━━ DATA

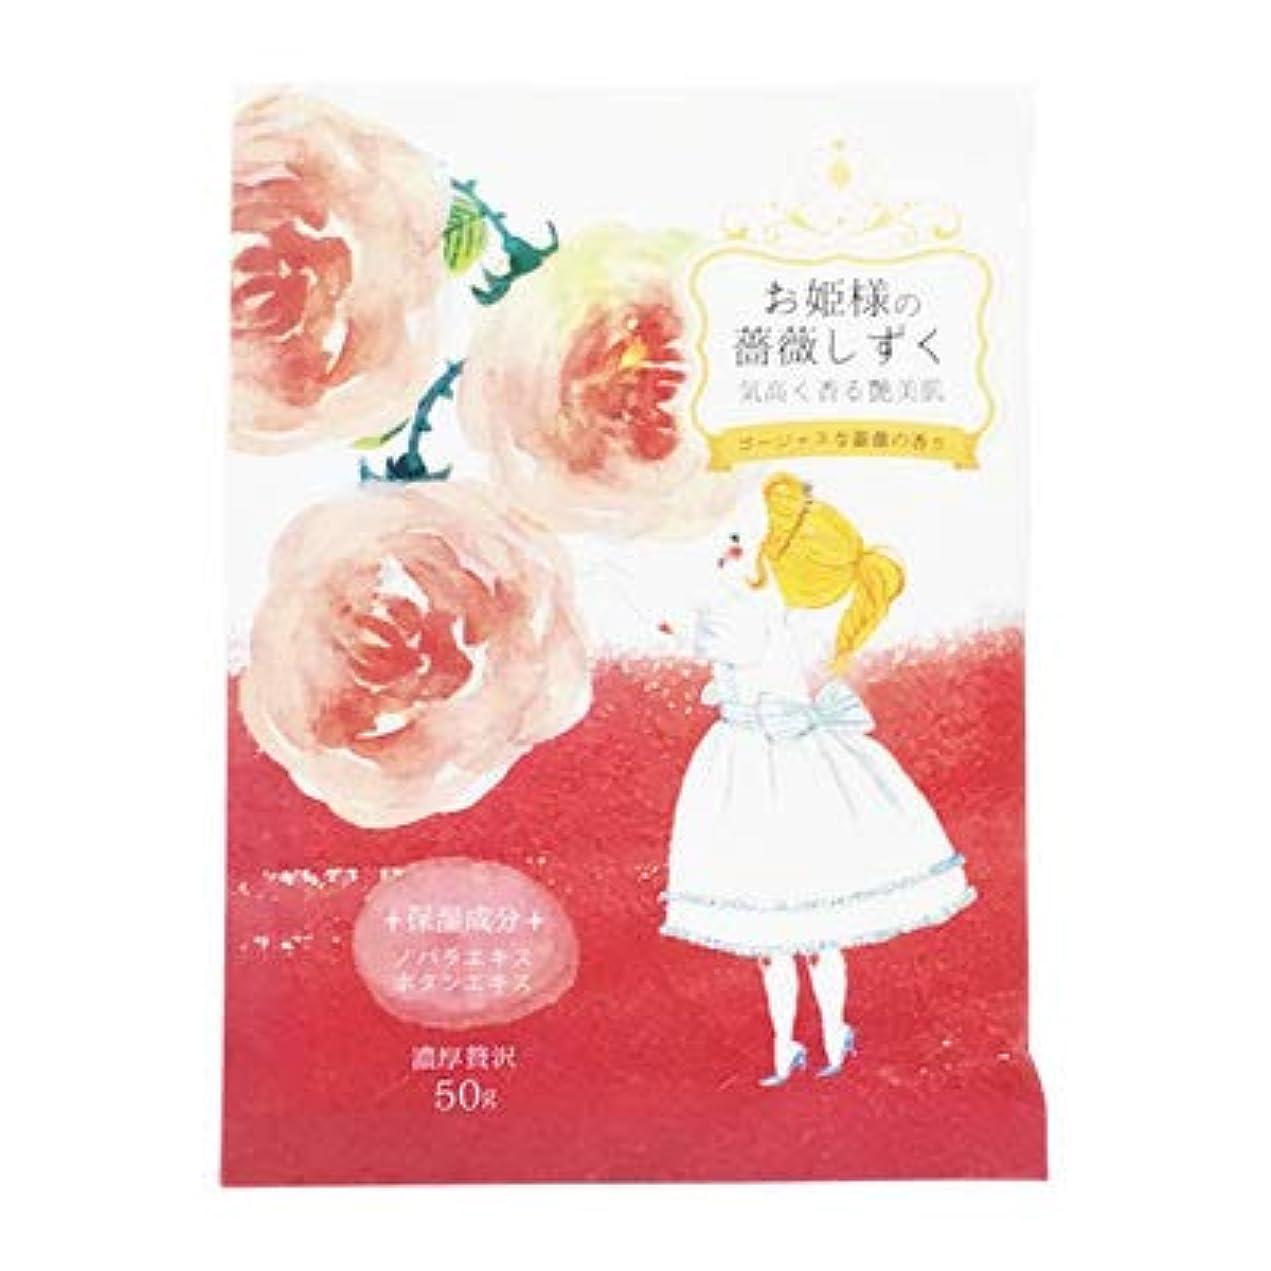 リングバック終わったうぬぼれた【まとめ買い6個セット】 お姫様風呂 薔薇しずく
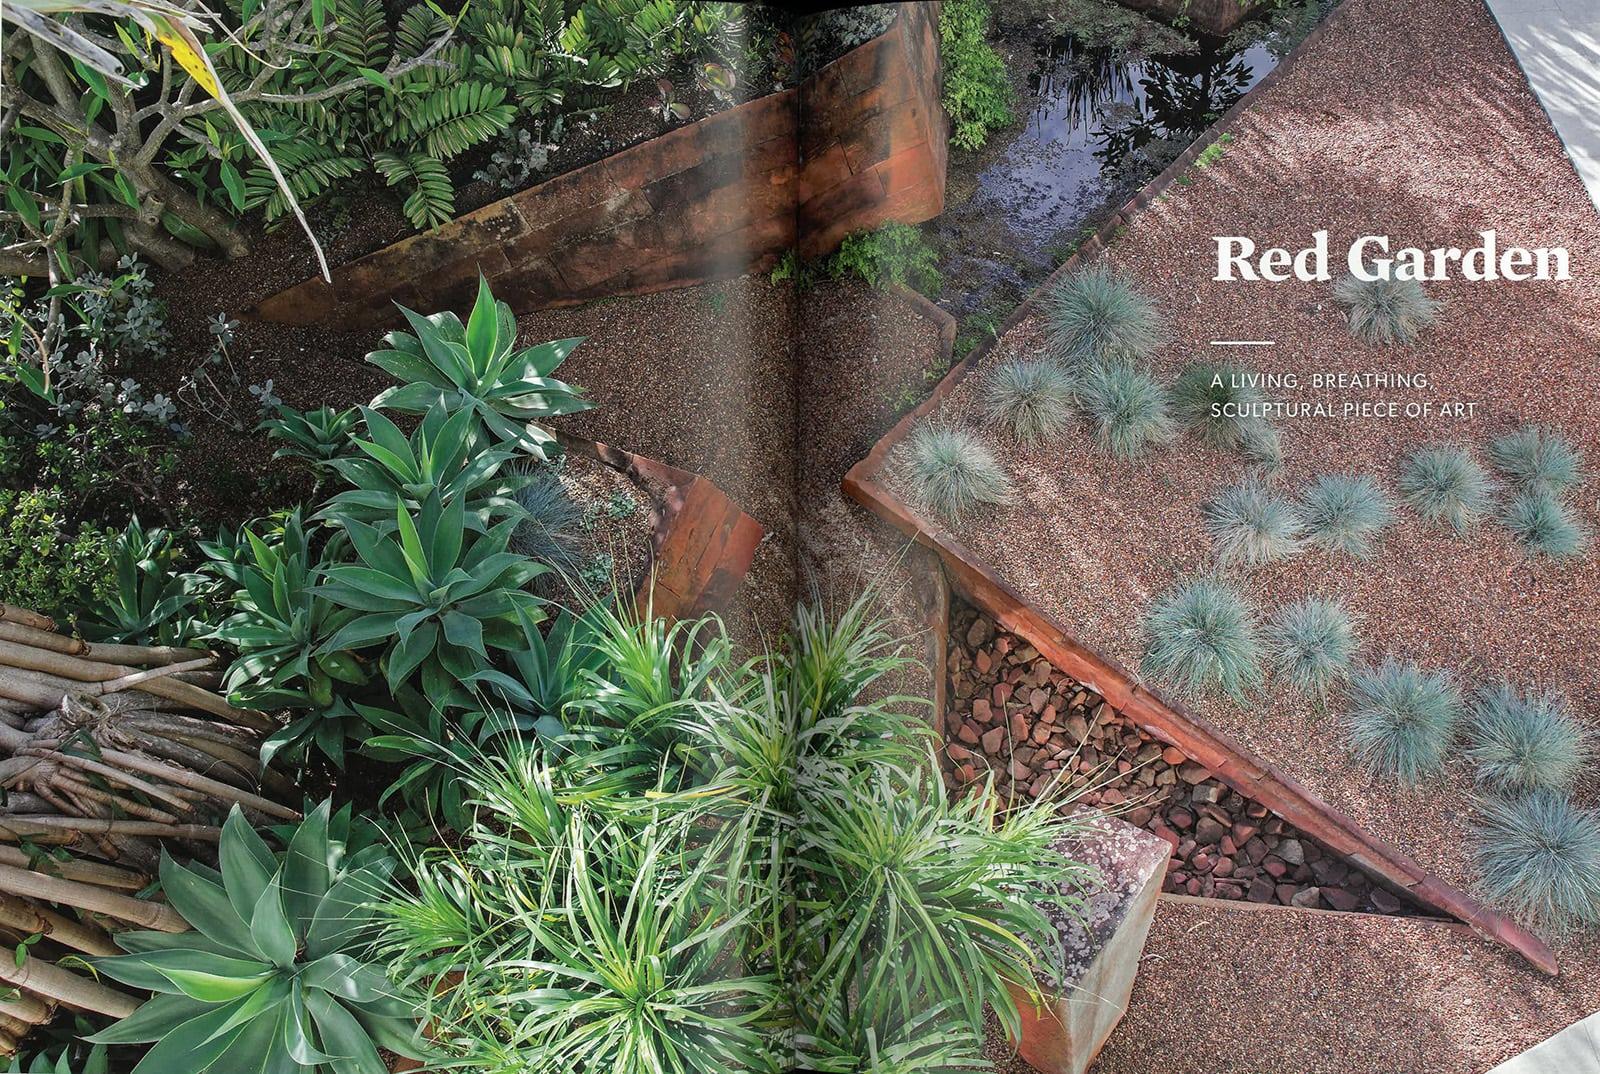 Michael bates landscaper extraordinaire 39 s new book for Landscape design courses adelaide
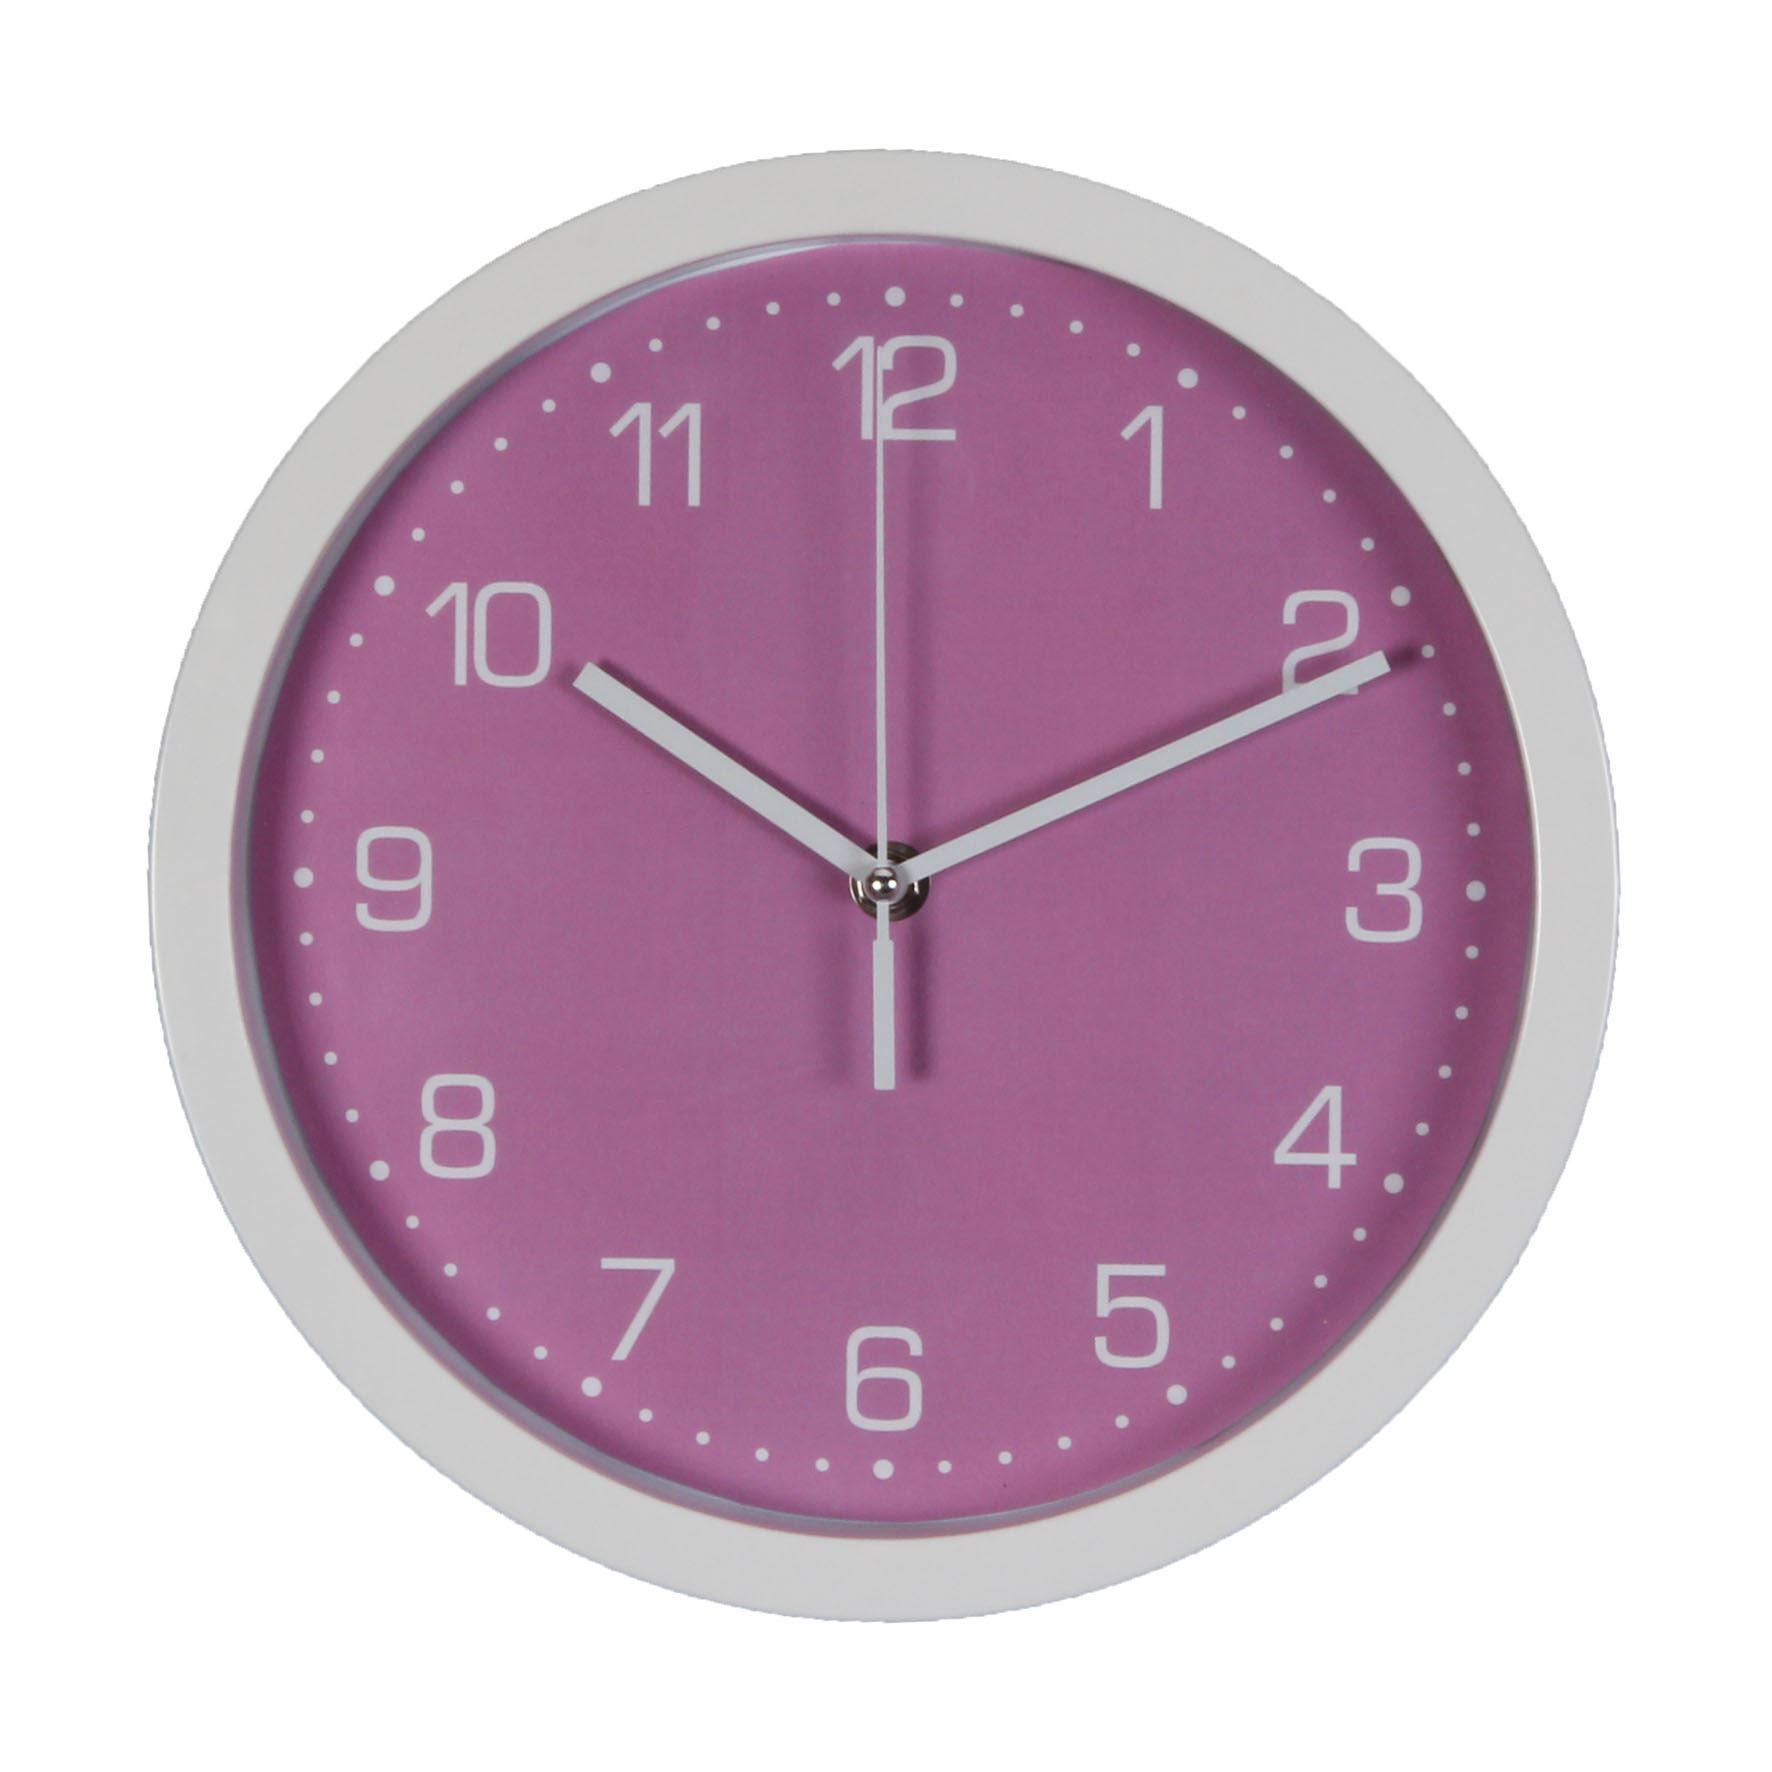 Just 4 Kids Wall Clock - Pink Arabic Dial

━━━━

• **WORK TO COMPLETE**: Find the line containing "Michael bates landscaper" in the listing above. Restate it and every line after it, word for word, through the final line, leaving out the pictures.

• **RESPONSE AREA**:
 Michael bates landscaper extraordinaire 39 s new book for Landscape design courses adelaide
 Just 4 Kids Wall Clock - Pink Arabic Dial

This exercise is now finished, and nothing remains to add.